2013-05-22 5.554824 NaN ... NaN 6.803052
2013-05-23 8.440801 NaN ... NaN 2.756443
2013-05-24 0.968086 NaN ... NaN 0.430184
2013-05-25 0.672555 NaN ... NaN 5.461017
2013-05-26 5.273122 NaN ... NaN 6.312104
How could I groupby year-month and drop columns with all NaNs, then rename the rest columns by ie., top_1, top_2, ..., top_k?
The final expected result could be like this if k=2:
Pseudocode:
df2 = df.filter(regex='_mape$').groupby(pd.Grouper(freq='M')).dropna(axis=1, how='all')
df2.columns = ['top_1', 'top_2', ..., 'top_k']
df.join(df2)
As #Quang Hoang commented in the last post, we may could use justify_nd to achieve that, but I don't know how. Thanks for your help at advance.
EDIT:
dates = pd.date_range('20130226', periods=90)

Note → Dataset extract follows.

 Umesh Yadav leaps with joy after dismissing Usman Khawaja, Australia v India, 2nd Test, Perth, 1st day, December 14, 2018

df = pd.DataFrame(np.random.uniform(0, 10, size=(90, 6)), index=dates, columns=['A_values', 'B_values', 'C_values', 'D_values', 'E_values', 'target'])

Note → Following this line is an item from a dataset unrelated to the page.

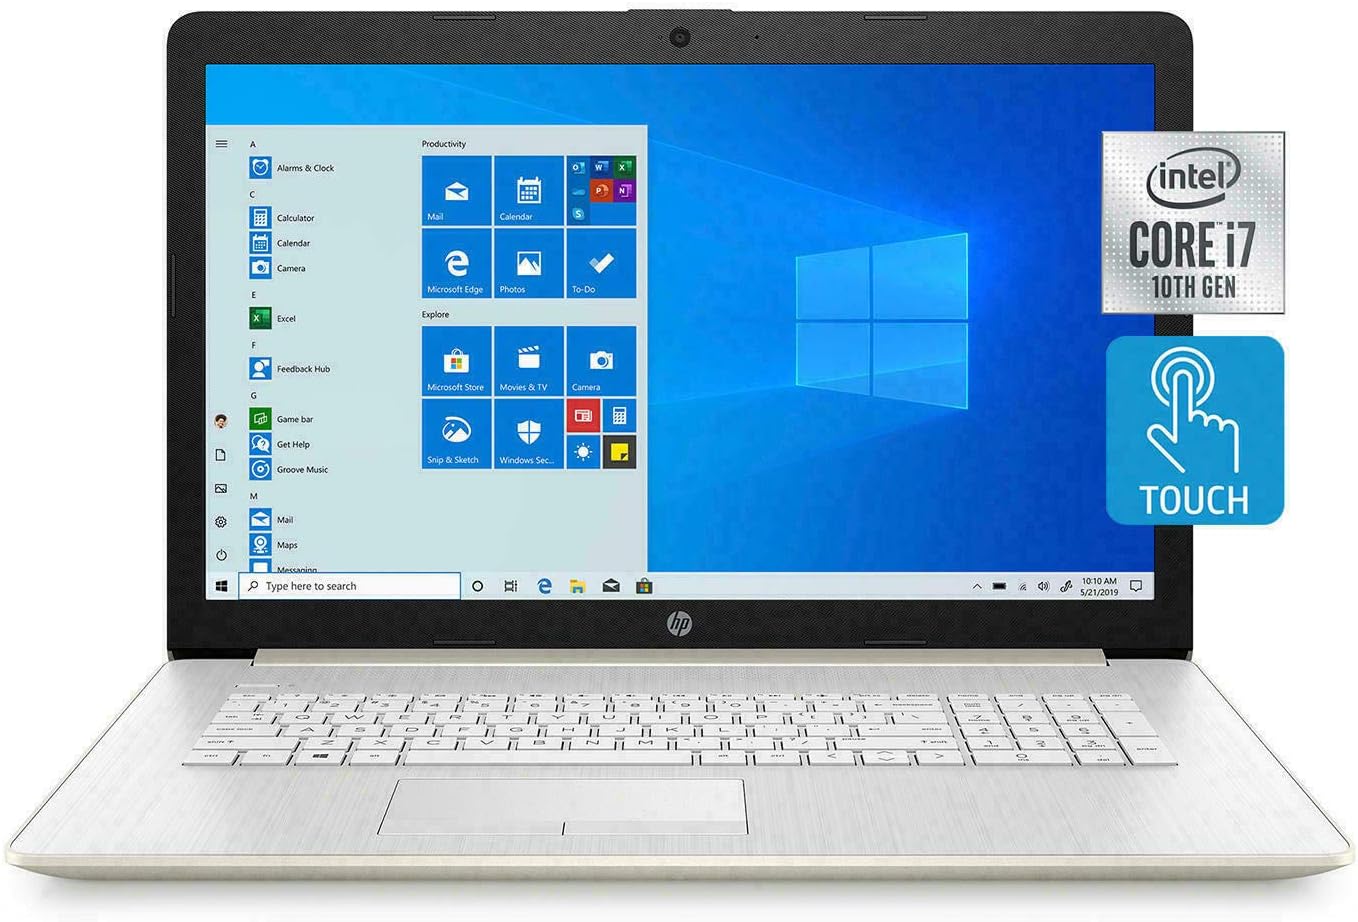 HP 17t Cg series Laptop Computer PC, 17.3" HD+ SVA WLED Touchscreen Display, 10th Gen Intel Quad-Core i7-10510U up to 4.9GHz, 16GB DDR4 RAM 512 GB SSD

models = df.columns[df.columns.str.endswith('_values')]
k = 2
n = len(models)
def grpProc(grp):
err = mape(grp[models], grp[['target']])
# sort_args = np.argsort(err) < k
# cols = models[sort_args]
cols = err.nsmallest(k).index
out_cols = [f'top_{i+1}' for i in range(k)]
rv = grp.loc[:, cols]
rv.columns = out_cols
return rv
wrk = df.groupby(pd.Grouper(freq='M')).apply(grpProc)

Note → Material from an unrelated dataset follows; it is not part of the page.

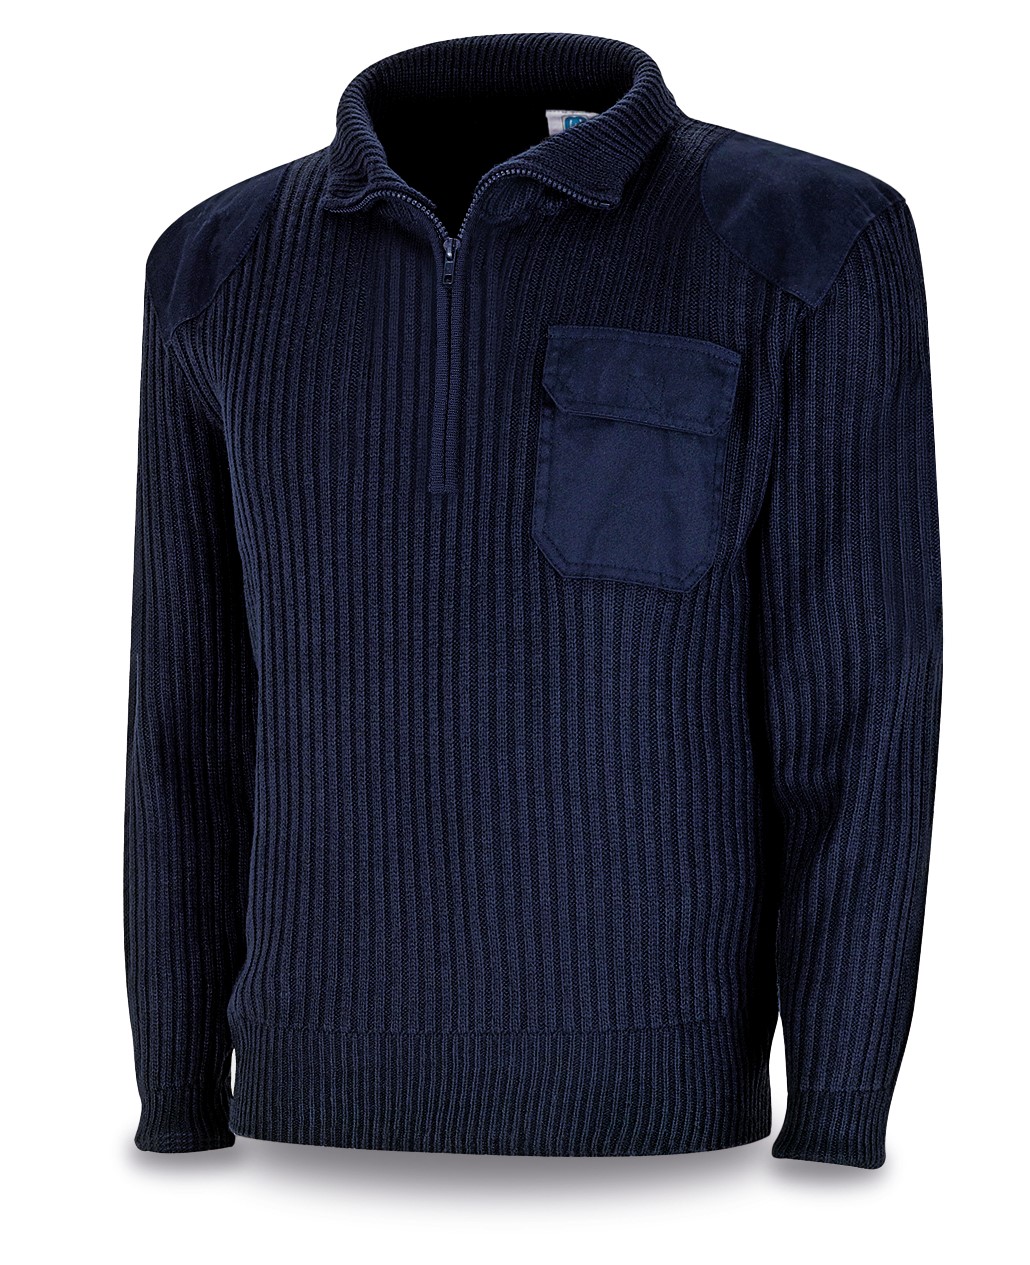 1288-JCA Pluie et Froid Jerseys - Sweat-shirts Pull type police bleu marine 450 gr.

res = df[['target']].join(wrk)
print(res)
Out:
target top_1 top_2
2013-02-26 1.281624 6.059783 9.972433
2013-02-27 0.585713 1.789931 0.968944
2013-02-28 9.638430 9.623960 6.165247
2013-03-01 1.950960 4.521452 5.693051
2013-03-02 0.690563 5.178144 7.322250
... ... ...
2013-05-22 5.554824 3.864723 6.803052
2013-05-23 8.440801 5.140268 2.756443
2013-05-24 0.968086 5.890717 0.430184
2013-05-25 0.672555 1.610210 5.461017
2013-05-26 5.273122 6.893207 6.312104

Actually, what you need is, for each group (by year / month):
compute errors locally for the current group,
find k "wanted" columns (calling argsort) and take indicated
columns from models,
take the indicated columns from the current group and rename them to top_…,
return what you generated so far.
To do it, define a "group processing" function:
def grpProc(grp):
err = mape(grp[models], grp[['target']])
sort_args = np.argsort(err) < k
cols = models[sort_args]
out_cols = [f'top_{i+1}' for i in range(k)]
rv = grp.loc[:, cols]
rv.columns = out_cols
return rv
Then, to generate top_… columns alone, apply this function to each group:
wrk = df.groupby(pd.Grouper(freq='M')).apply(grpProc)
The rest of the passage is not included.